## What you are asked to do
Could you write out, exactly, every line from the top of the data through the line holding "L'Indiano spot-fatturati Duck"? Omit the pictures.

## Collected material
····················
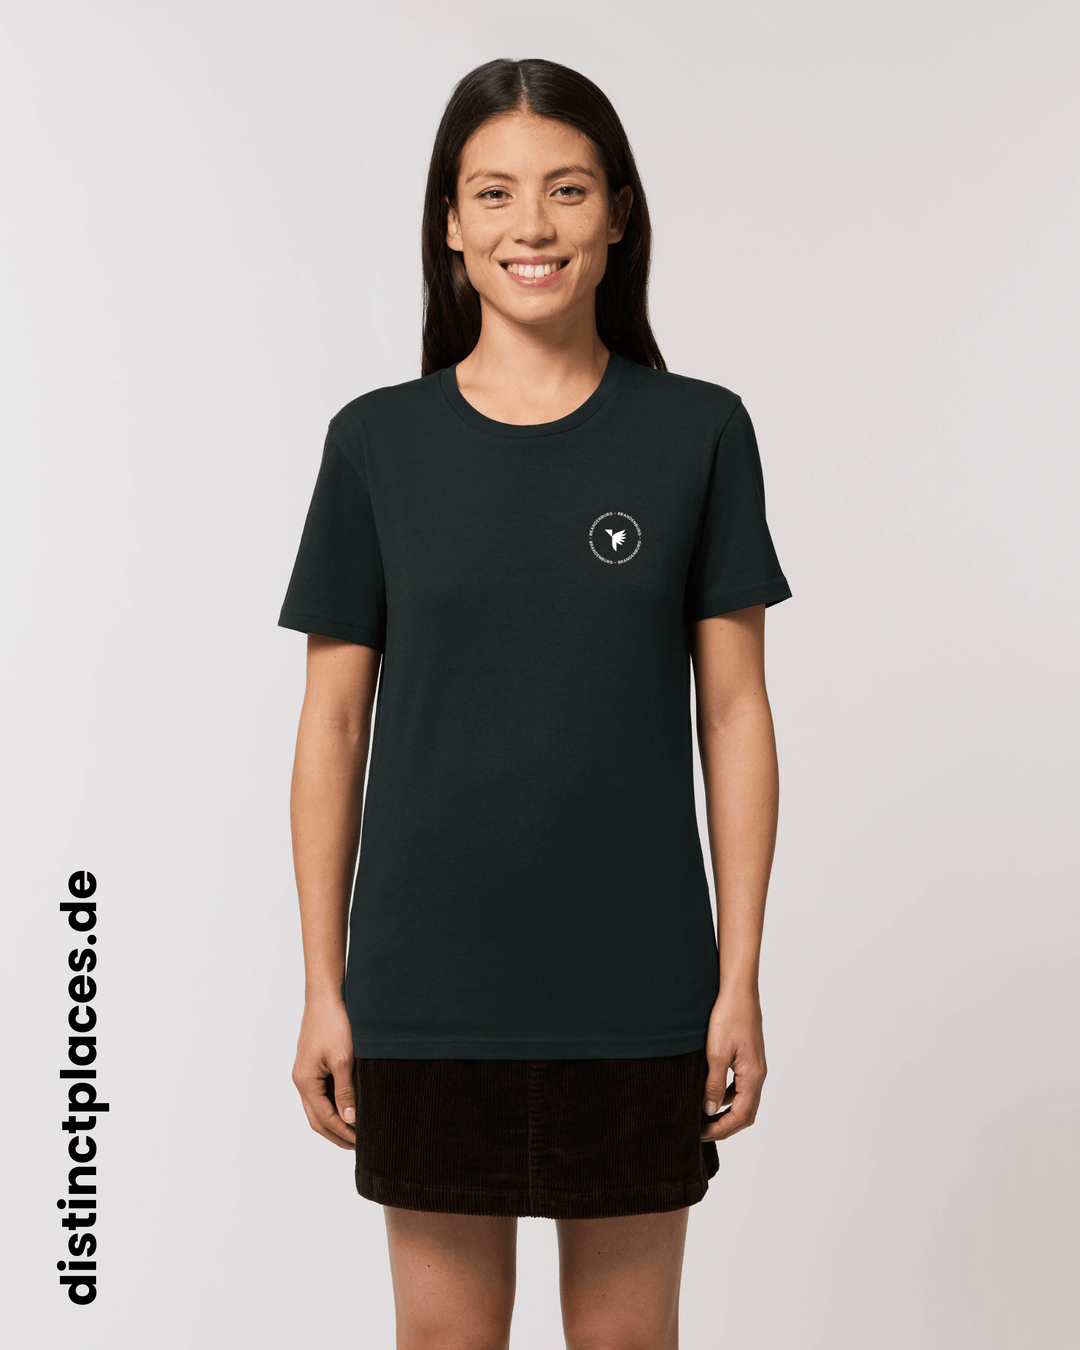 Frau von vorne trägt schwarzes fairtrade, vegan und bio-baumwoll T-Shirt mit einem minimalistischem weißen Logo, beziehungsweise Wappen und Schriftzug für Brandenburg
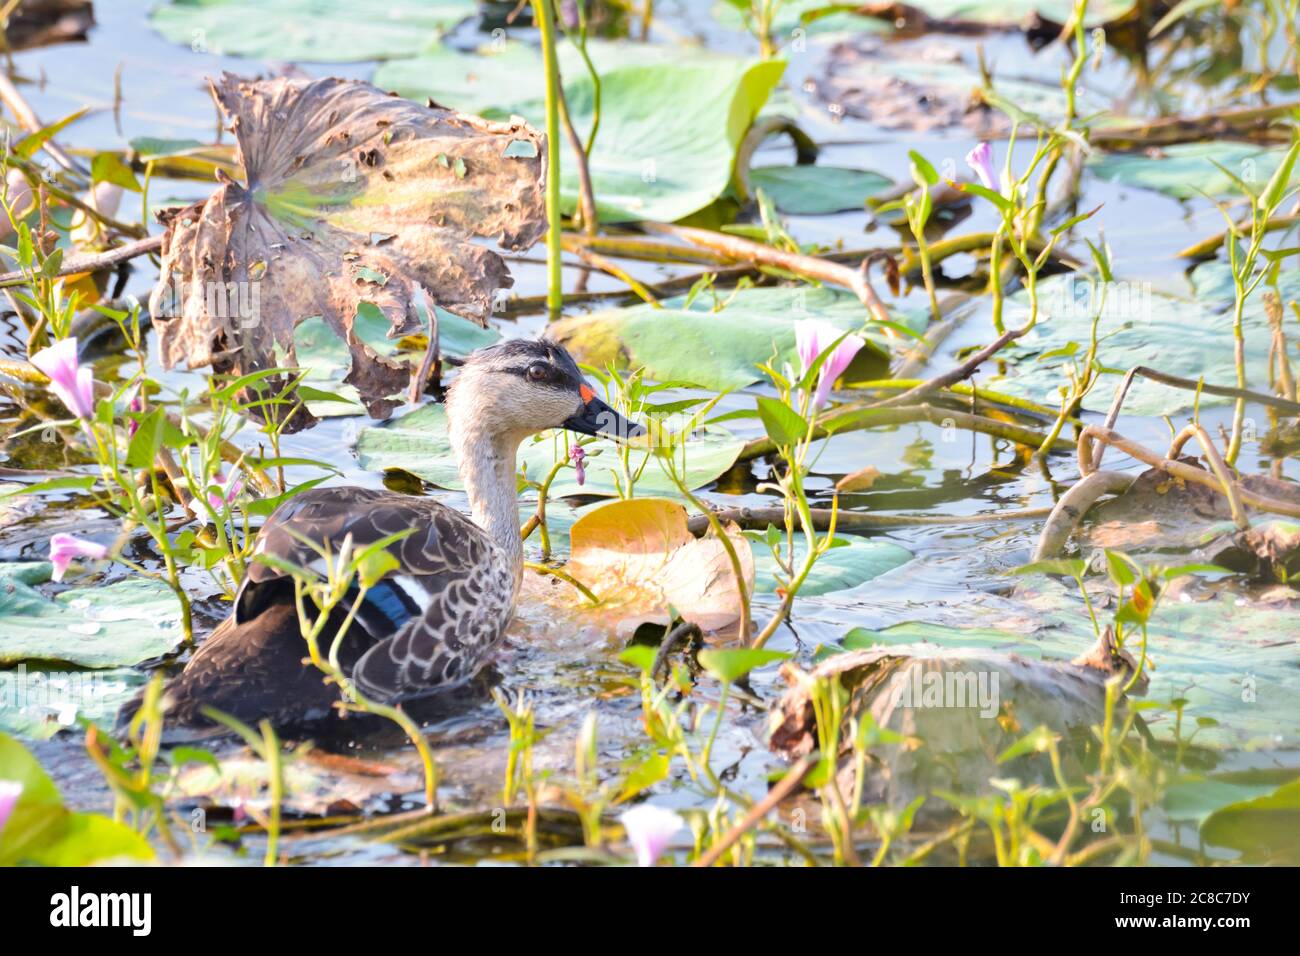 L'Indiano spot-fatturati Duck è una grande dedicarmi duck, che è un non-migratori anatra di allevamento in tutta zone umide d'acqua dolce nel subcontinente indiano. Foto Stock
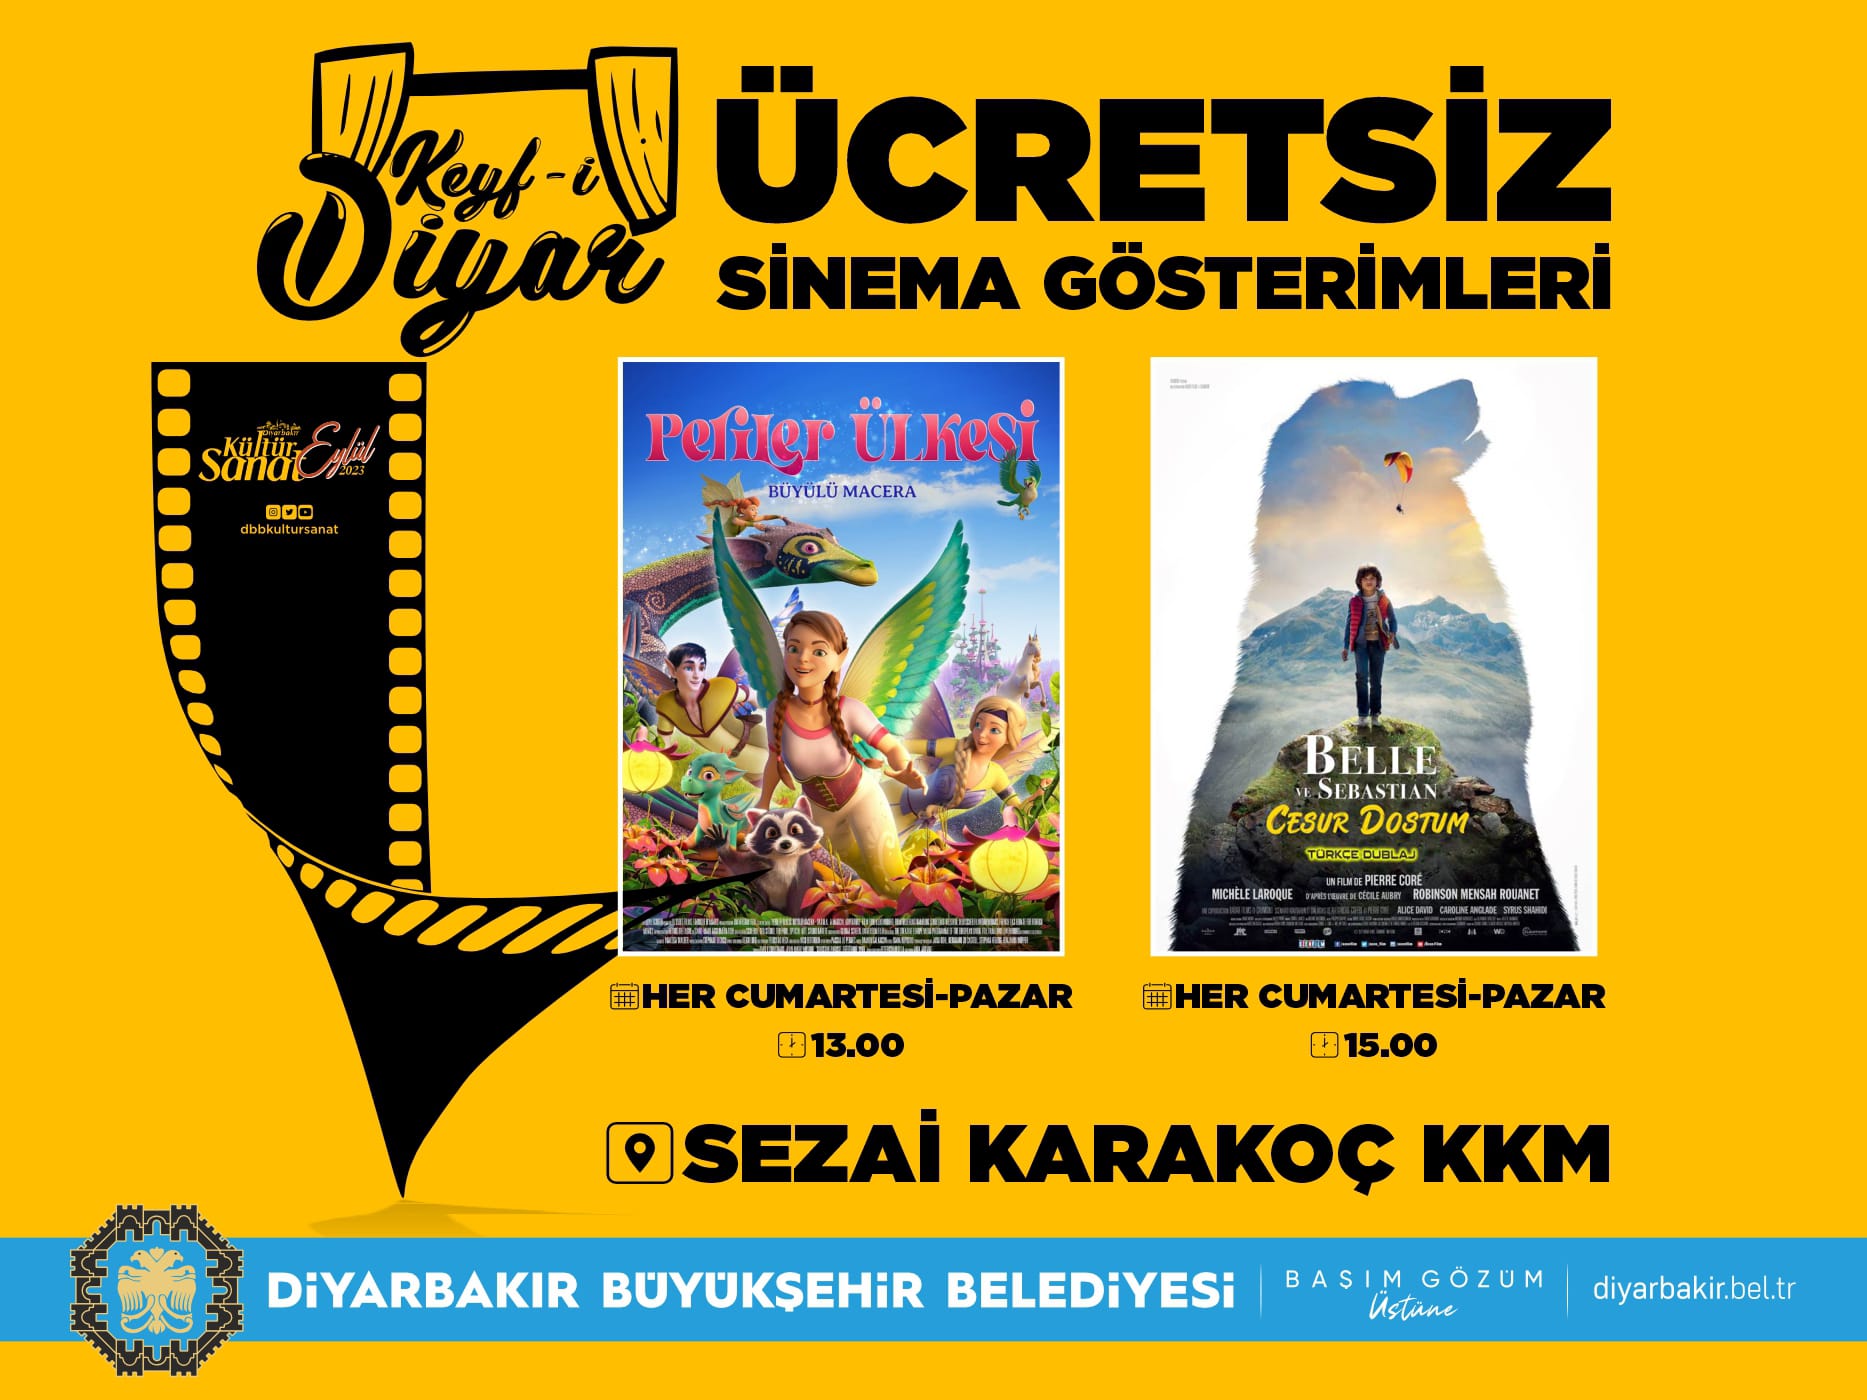 Diyarbakır’da Keyf-i Diyar ücretsiz sinema gösterimleri
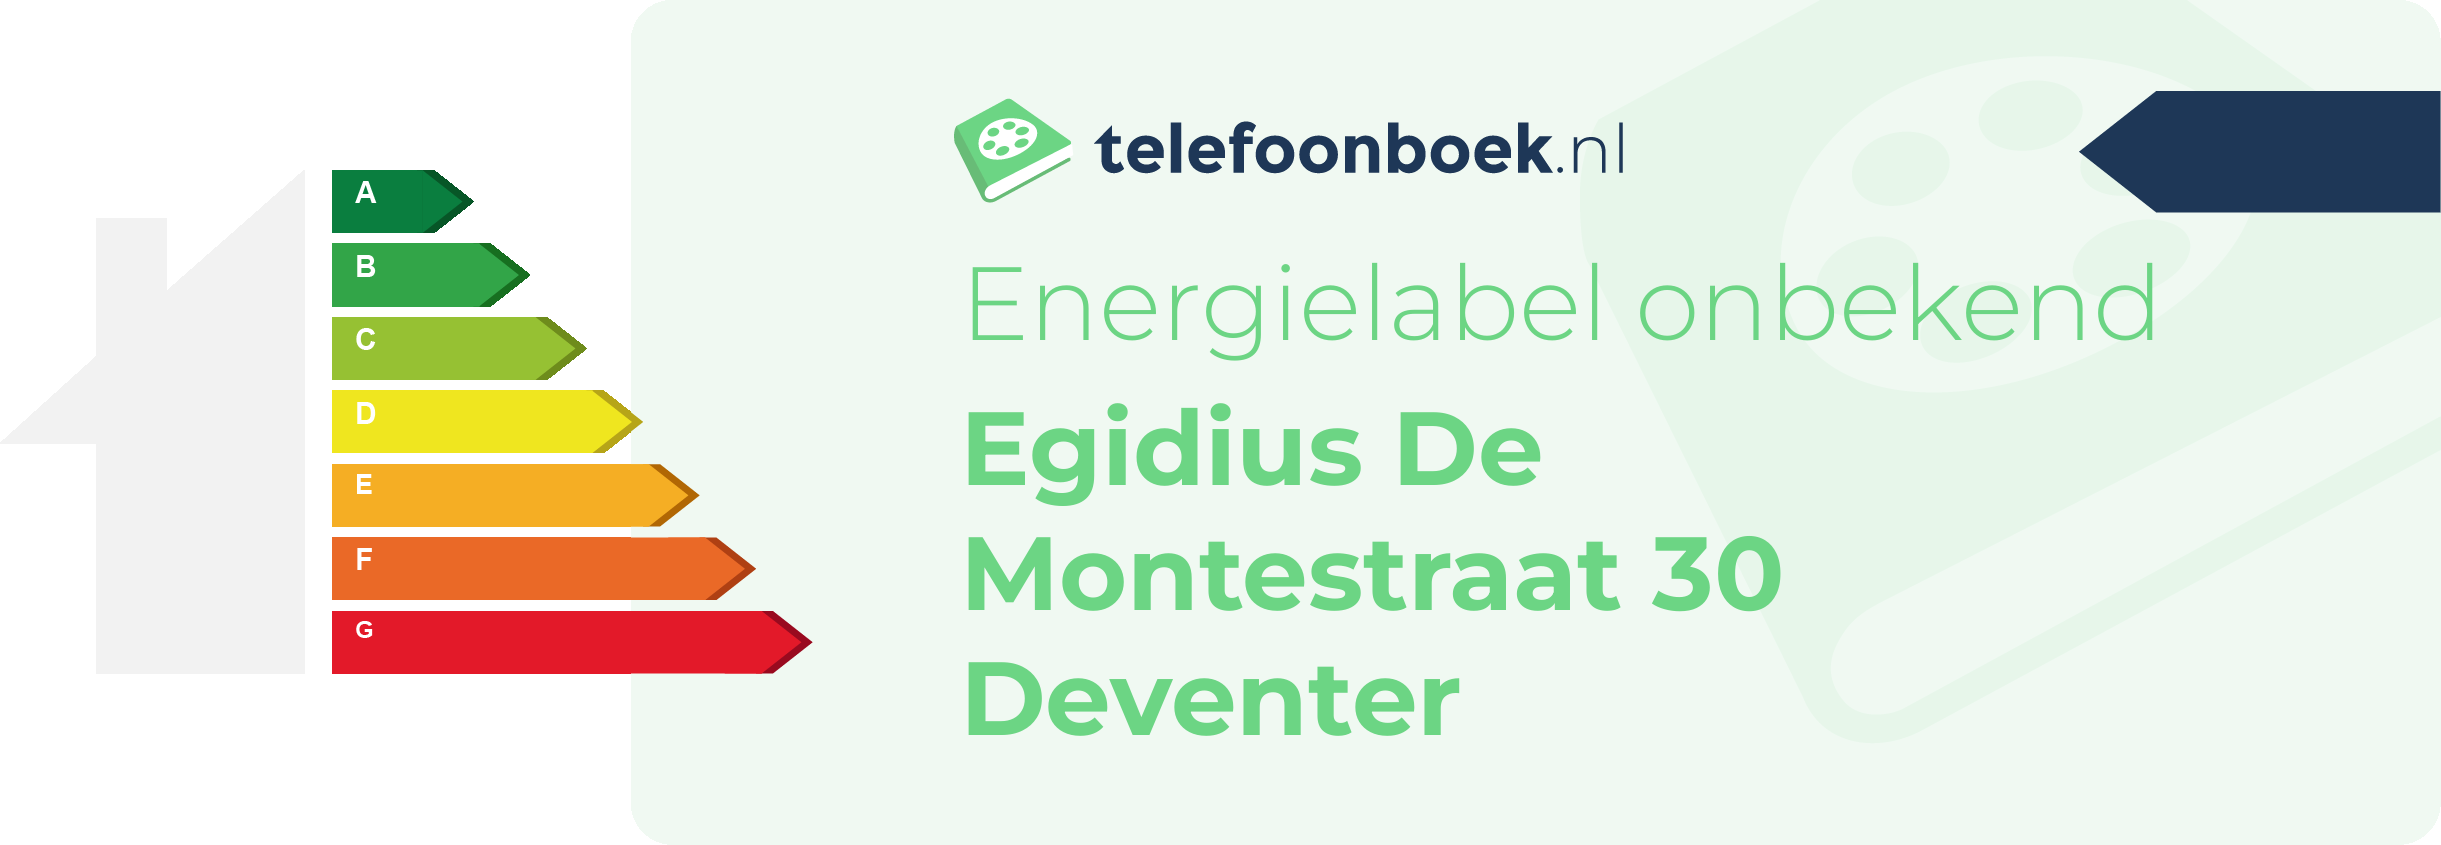 Energielabel Egidius De Montestraat 30 Deventer
····················
## Response to the exercise
 Frau von vorne trägt schwarzes fairtrade, vegan und bio-baumwoll T-Shirt mit einem minimalistischem weißen Logo, beziehungsweise Wappen und Schriftzug für Brandenburg
 L'Indiano spot-fatturati Duck è una grande dedicarmi duck, che è un non-migratori anatra di allevamento in tutta zone umide d'acqua dolce nel subcontinente indiano. Foto Stock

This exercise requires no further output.